# Beware on the river



## MaidenScotland (Jun 6, 2009)

A friends son along with friends hired a felluca near the Grand Hayatt 
The captain of the felluca cut across the bow of a dining boat only to have horns blown at him then two men in a rib came along side them and jumped on to the felluca and pulled the captain off and sped away leaving 6 lads on a felluca with no idea what to do. The felluca raced off and actually crashed into a berthed yacht on the other side of the river. On his return the captain reported that he had been beaten up and the two men are security for the restaurant boat as there is very little police on the river these boats now have their own security.

If you are on a felluca be very aware that this might happen


----------



## aykalam (Apr 12, 2010)

*More bad news on the Nile*

Ten people went missing early Wednesday morning after a boat sank in the Nile near one of the villages in Edfu, Aswan.

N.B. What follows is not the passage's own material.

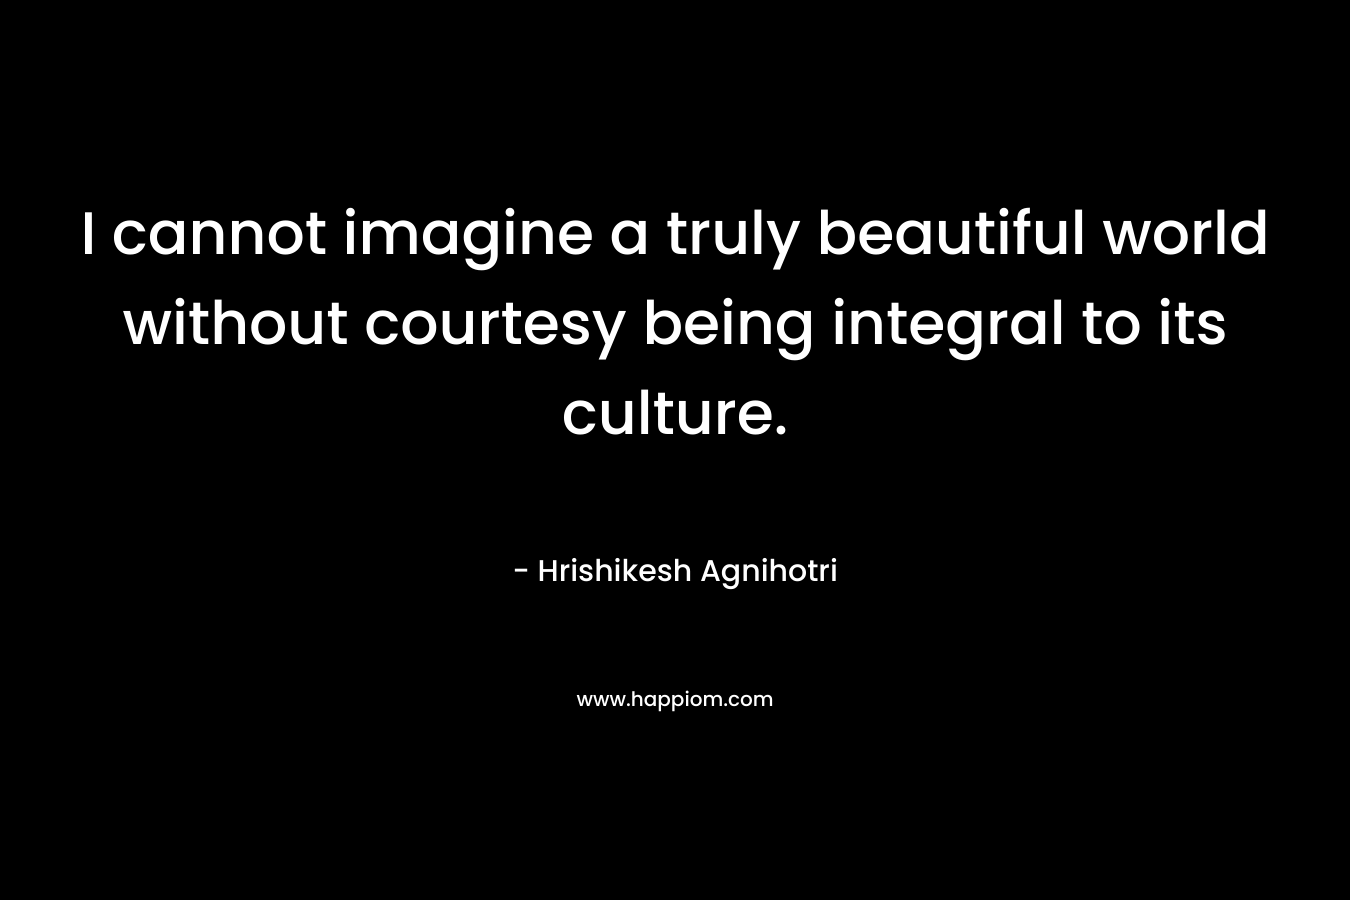 I cannot imagine a truly beautiful world without courtesy being integral to its culture. – Hrishikesh Agnihotri

The ferry was transporting a group of passengers on their way to a wedding, six of whom have been rescued, a security official told state news agency MENA.

The official went on to say that a search and rescue team was immediately dispatched and is still looking for passengers around the area where the boat sank. The vessel was owned by a village resident.

Local authorities notified the police to ban any unauthorized boats from operating in the area, according to the same source.

Aswan Governor Major General Mostafa al-Sayed will grant LE5000 in compensation to the families of each victim, the source said.


----------